Le 24 persone sono state, dai ricercatori americani, sistemate in diversi ambienti alcuni con elevata concentrazione di anidride carbonica altre in stanze più arieggiate dove l’aria che respiravano era molto più ricca di ossigeno. I ricercatori hanno potuto constatare che i risultati dei lavoratori erano nettamente migliori negli uffici dove l’aria era ricca di ossigeno con prestazioni maggiori del 61% o addirittura del 101%.
Invece, i volontari che hanno lavorato in condizioni più precarie con le finestre nella stanza che non venivano quasi mai aperte diminuivano le loro prestazioni lavorative quasi del 50% ed erano molte volte incapaci di avere un rapido potere decisionale. La normativa di legge prevede che ci sia un limite di anidride carbonica presente nell’aria negli uffici che sia valutata intorno alle 5 mila parti per milioni.

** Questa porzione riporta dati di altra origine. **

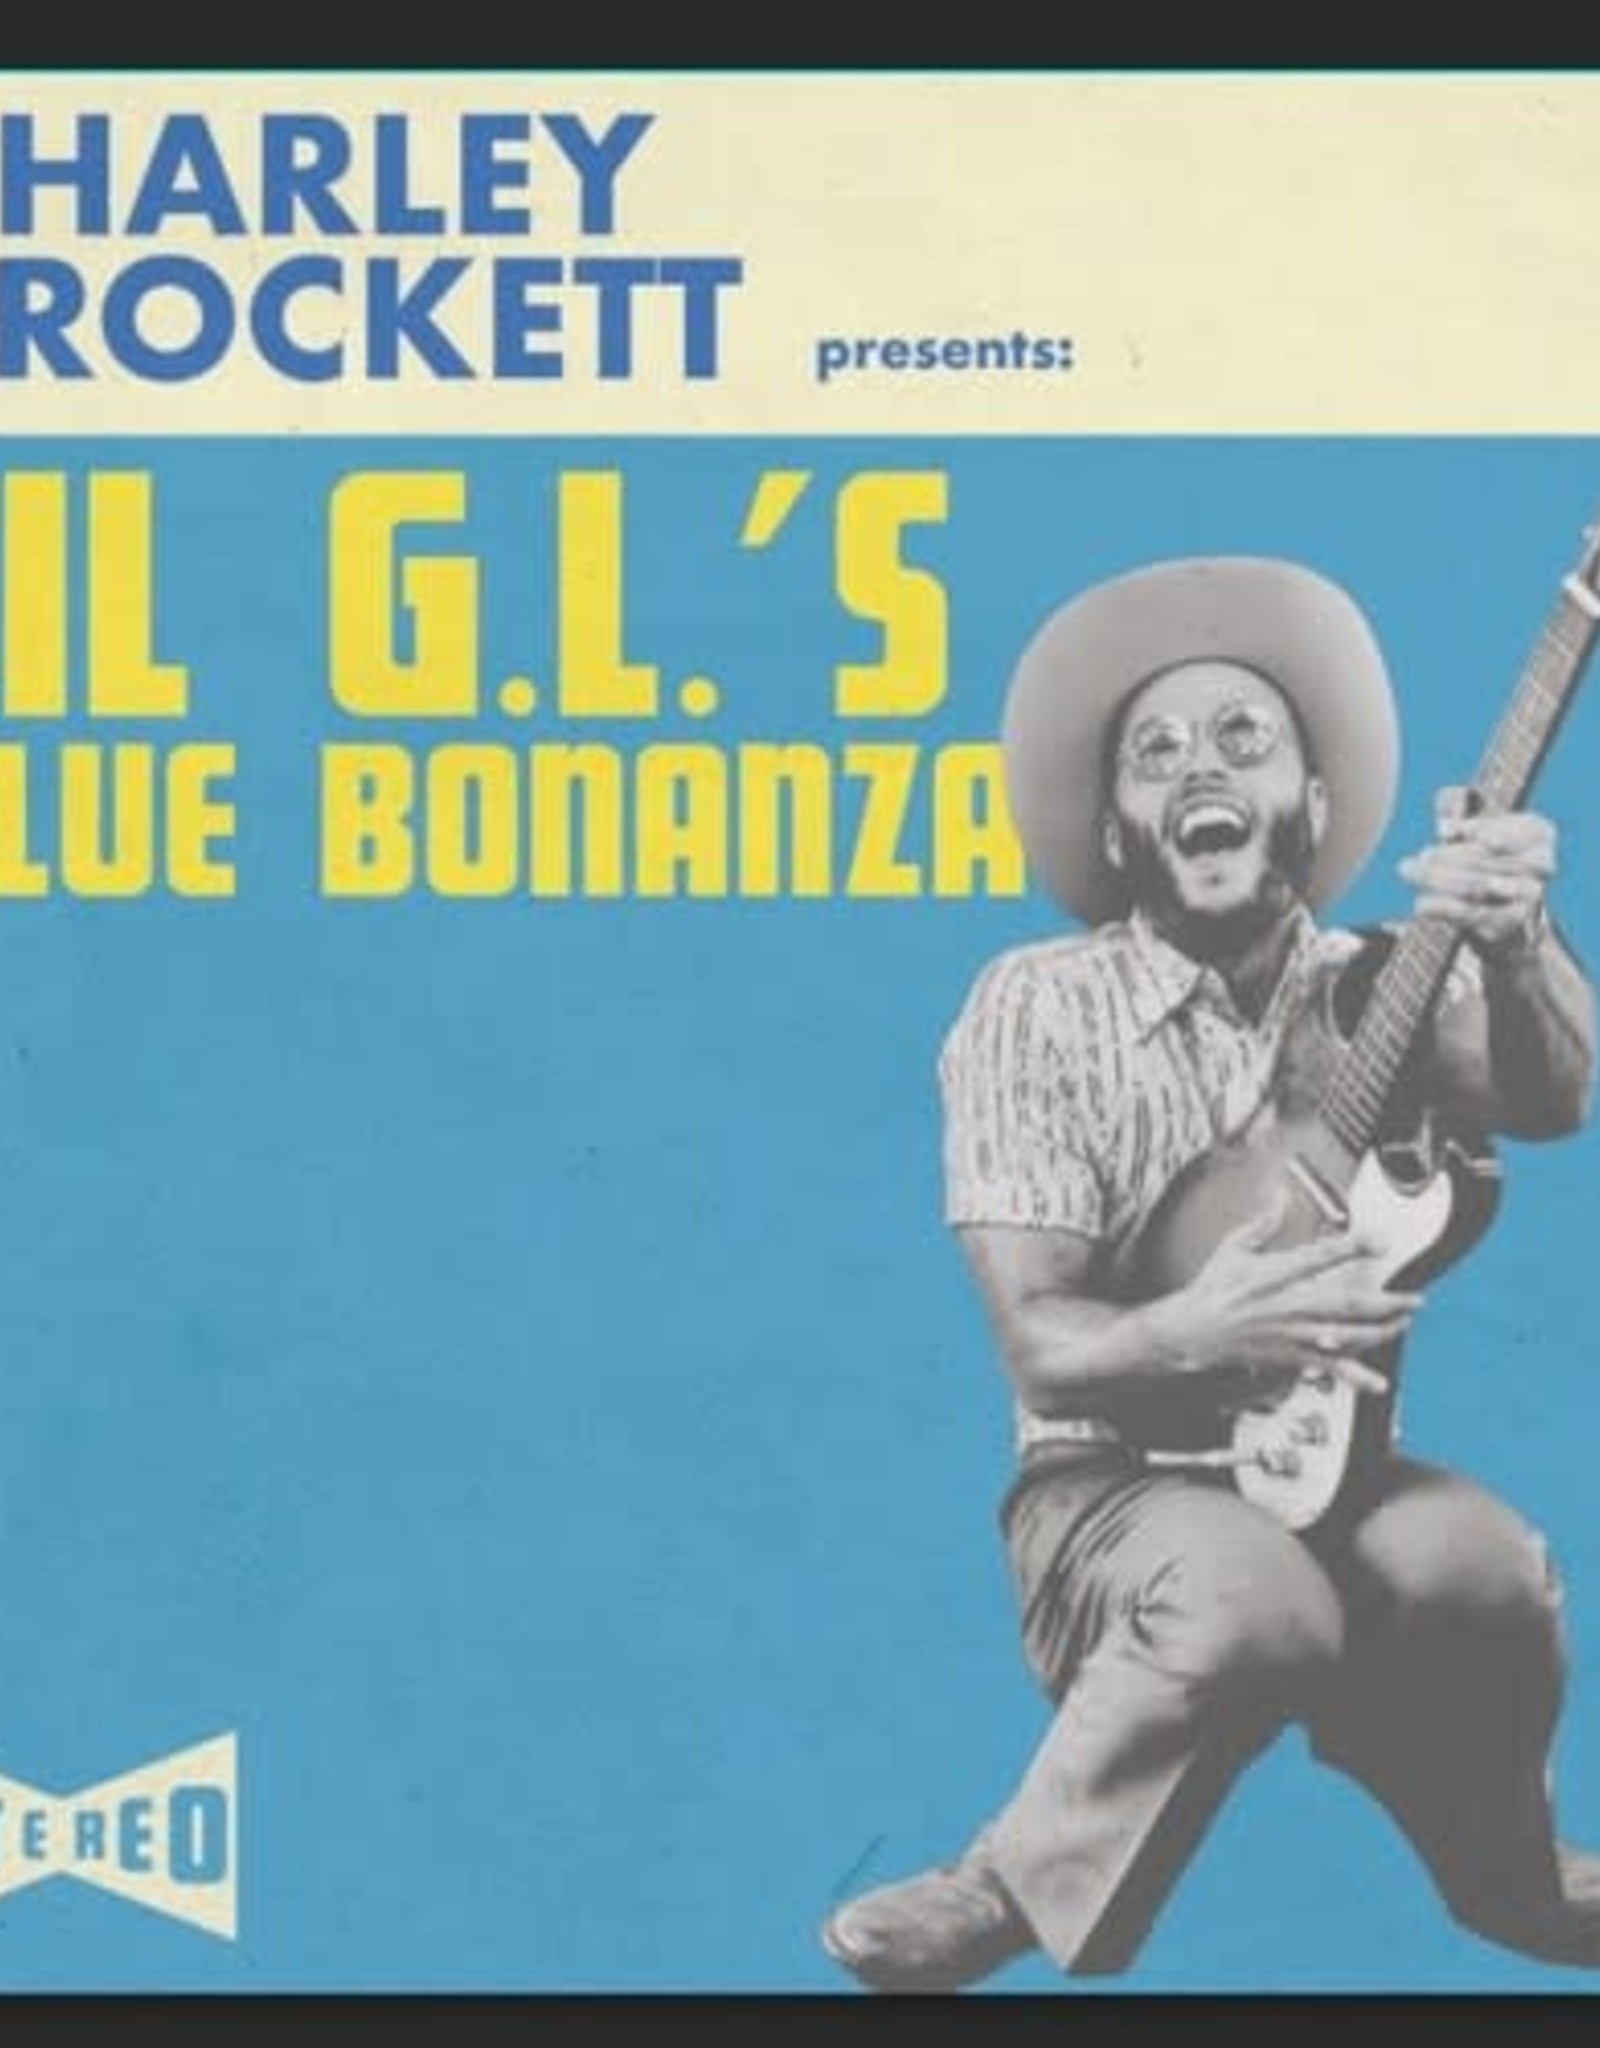 Charley Crockett - Lil G.l.'s Blue Bonanza

Joseph Allen, uno dei ricercatori che ha portato a termine lo studio ha così commentato i risultati: “Trascorriamo il 90% del tempo in ambienti chiusi e il 90% del costo di un immobile sono gli occupanti. Eppure la qualità dell’ambiente e il suo impatto sulla salute e sulla produttività sono questioni troppo spesso messe da parte. Questi risultati suggeriscono che anche modesti miglioramenti alla qualità ambientale possono avere un profondo impatto sul processo decisionale e sulle prestazioni dei lavoratori”.